Chandigarh Kare Aashiqui: The Die has been Cast for Better or for Worse


When Vaani Kapoor’s character Maanvi Brar first appears on the screen, she is shown as a ‘normal’ girl caught up in the rigmarole of dressing up and putting make-up. However, she also pops pills; an act that immediately raises questions and puts her in a ‘different’ league. As she confidently walks out of her house to seize the day, the background music takes the form of bouts of laughter, as if the society is laughing at ‘her act of playing a woman’.

Maanvi is a trans woman. It means Maanvi was biologically a man before going under the knife to become a ‘complete woman’. In her mind, body, and soul, she is a woman. The journey of her life, so far, has been characterized by gender dysphoria, pain, rejection and self-acceptance. Her supportive father mitigates the pain that she harbours in her heart due to her mother’s rejection. She has established a new life for herself in Chandigarh as a Zumba instructor, away from the prying eyes of her relatives and former acquaintances in Ambala. She dares to fall in love with men despite the inevitable heartbreaking situations that she will find herself in, once her true sexual identity comes to light. So, when Maanvi meets Manu (Ayushmann Khurrana), a gym rat and the epitome of aggressive masculinity, she keeps an open mind regarding the matters of the heart.

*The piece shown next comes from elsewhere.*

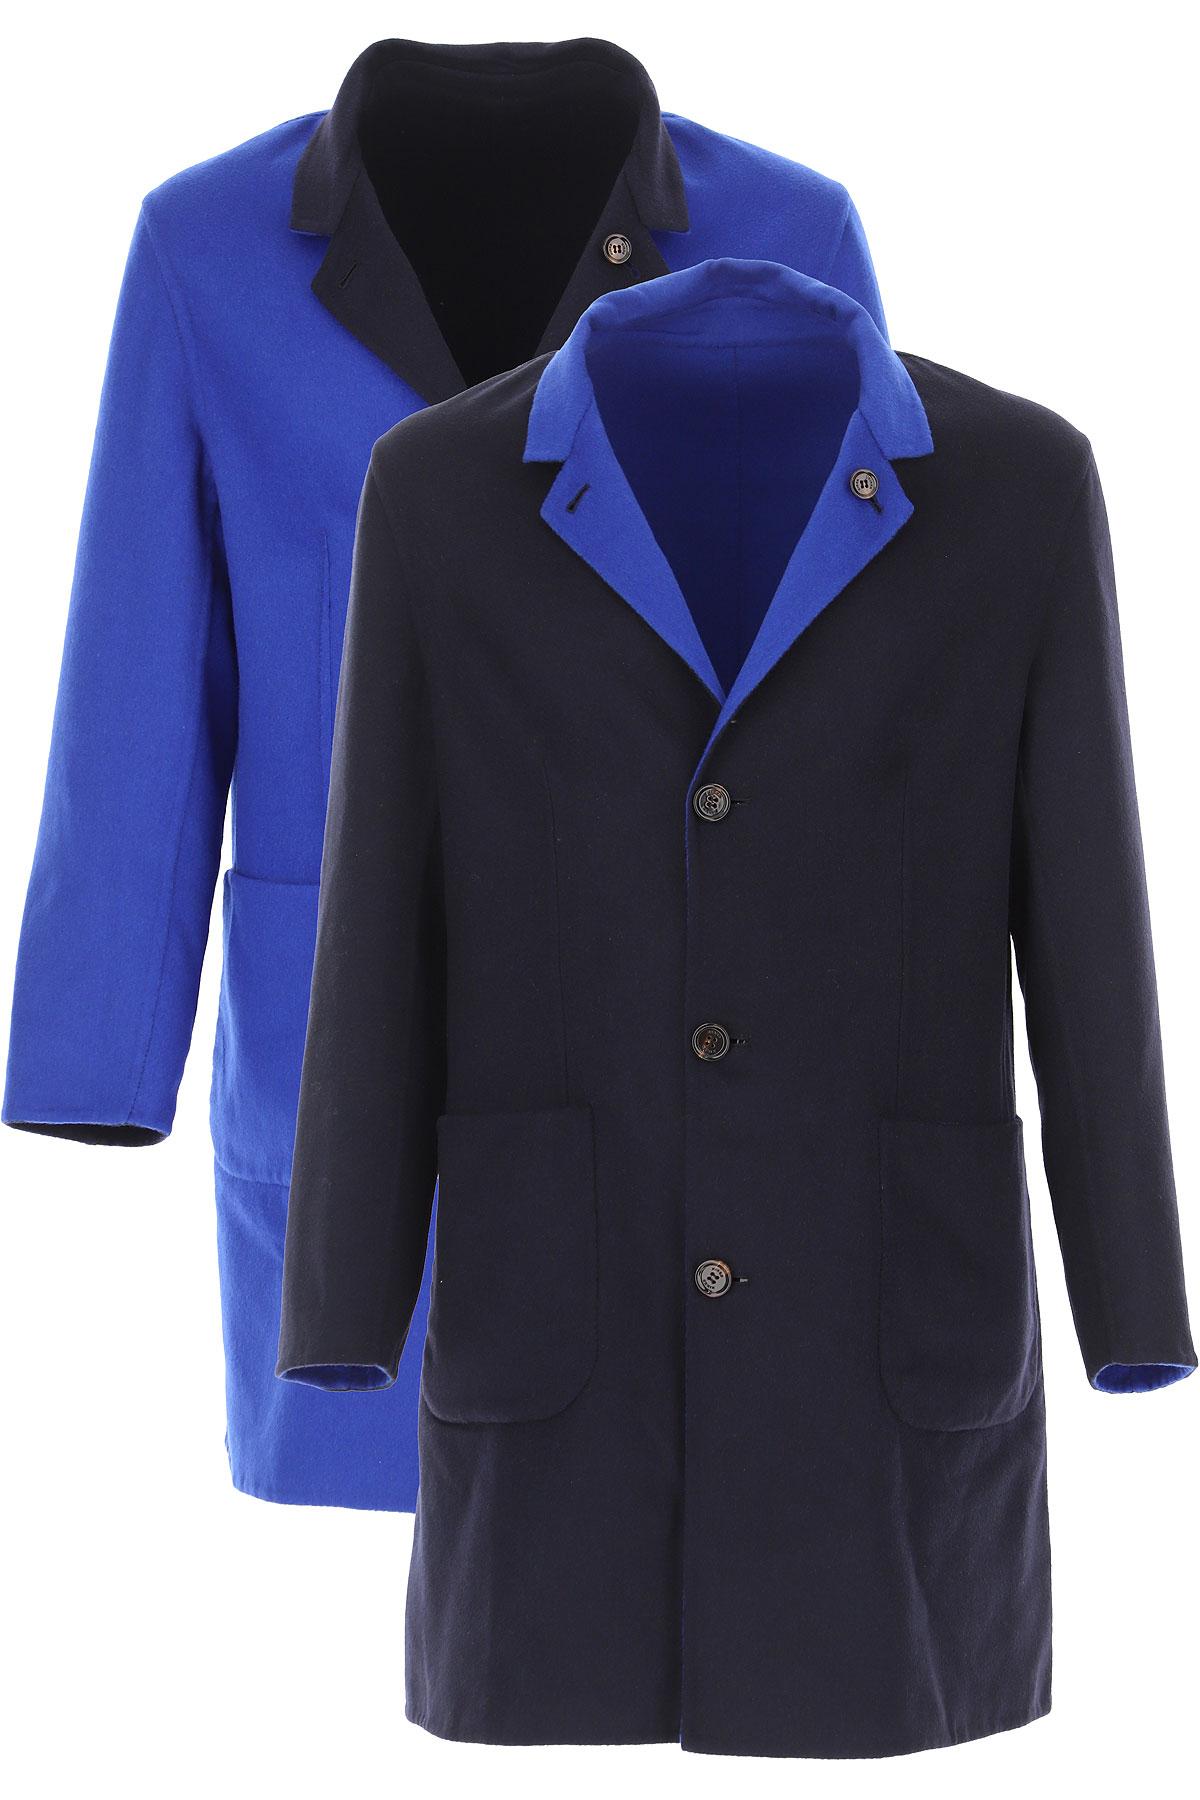 Kired Men's Coat On Sale, navy, Cashemere, 2019, L M XL

In an interview to Deadline, Vaani Kapoor confessed that there is no reference point in Hindi cinema regarding the depiction of a trans woman who is at the centre of things. On top of that, Chandigarh Kare Aashiqui presents her as the love interest of a cis-het man. There is no running away from the fact that Vaani Kapoor is a cisgender actress too. However, she pulls off a ‘convincing performance’ and the strength of it lies in her not succumbing to formerly set stereotypes as to how a trans person should behave. The light-hearted romantic moments of the film are an act of rebellion when viewed from a trans-tinted lens. Singing and dancing has been the USP of Hindi films since the time of its inception. This seemingly outdated formula has given a new lease of life to a trans woman; a chance to be a part of the mainstream. However, one cannot deny that despite Maanvi’s fair share of struggles, her character is privileged. This is more evident when she shares screen space with another trans woman who begs at traffic signals for a living. Also, her character is bound to have a hard time getting the stamp of approval from the Indian audiences. The reason being that the idea of a trans woman being a woman is an alien concept to the majority of the Indian masses. And, in the film, Ayushmann’s character Manu is no exception either.

Ayushmann Khurrana plays Manu, a self-confessed 30 year old, fitness obsessed guy still struggling to make a breakthrough in his ‘fitness career’. He is the textbook definition of masculinity. When Vaani’s character Maanvi reveals her true identity he feels angry, repugnant and most importantly ‘cheated’. The idea of a ‘trans girl’ is beyond his comprehension. However, when the feeling of being ‘cheated on’ subsides and the reality of the situation sinks in, he makes a genuine effort to understand the intricacies of a trans woman by talking to doctors and to trans people within his reach. In what can be called a path-breaking moment in the film, he unhesitatingly admits that having sex with a trans girl is just as fun as it is with any other girl; even better, as per his experience.

It would have been ideal if an actual trans girl was cast instead of Vaani Kapoor but that’s a wishful thinking and also impractical in a scenario when filmmaking itself has become a riskier business than before, thanks to a global pandemic. In an interview to PTI, the director of the film Abhishek Kapoor said – “I have directed this movie from the standpoint of an ally. And this should be the right approach.”

Despite the earnestness of director Abhishek Kapoor, the film works only at the introductory-primer level as far as the representation of complex trans related issues are concerned. For instance, we never get to see the physical/hormonal complications that a trans person has to endure and take care of, to lead their preferred life. The trans identity of Maanvi just becomes a means to tell a ‘different’ love-story. The film was written with a happy ending in sight (spoiler alert) as the sole purpose of it is entertainment; sometimes, even at the expense of trans identity.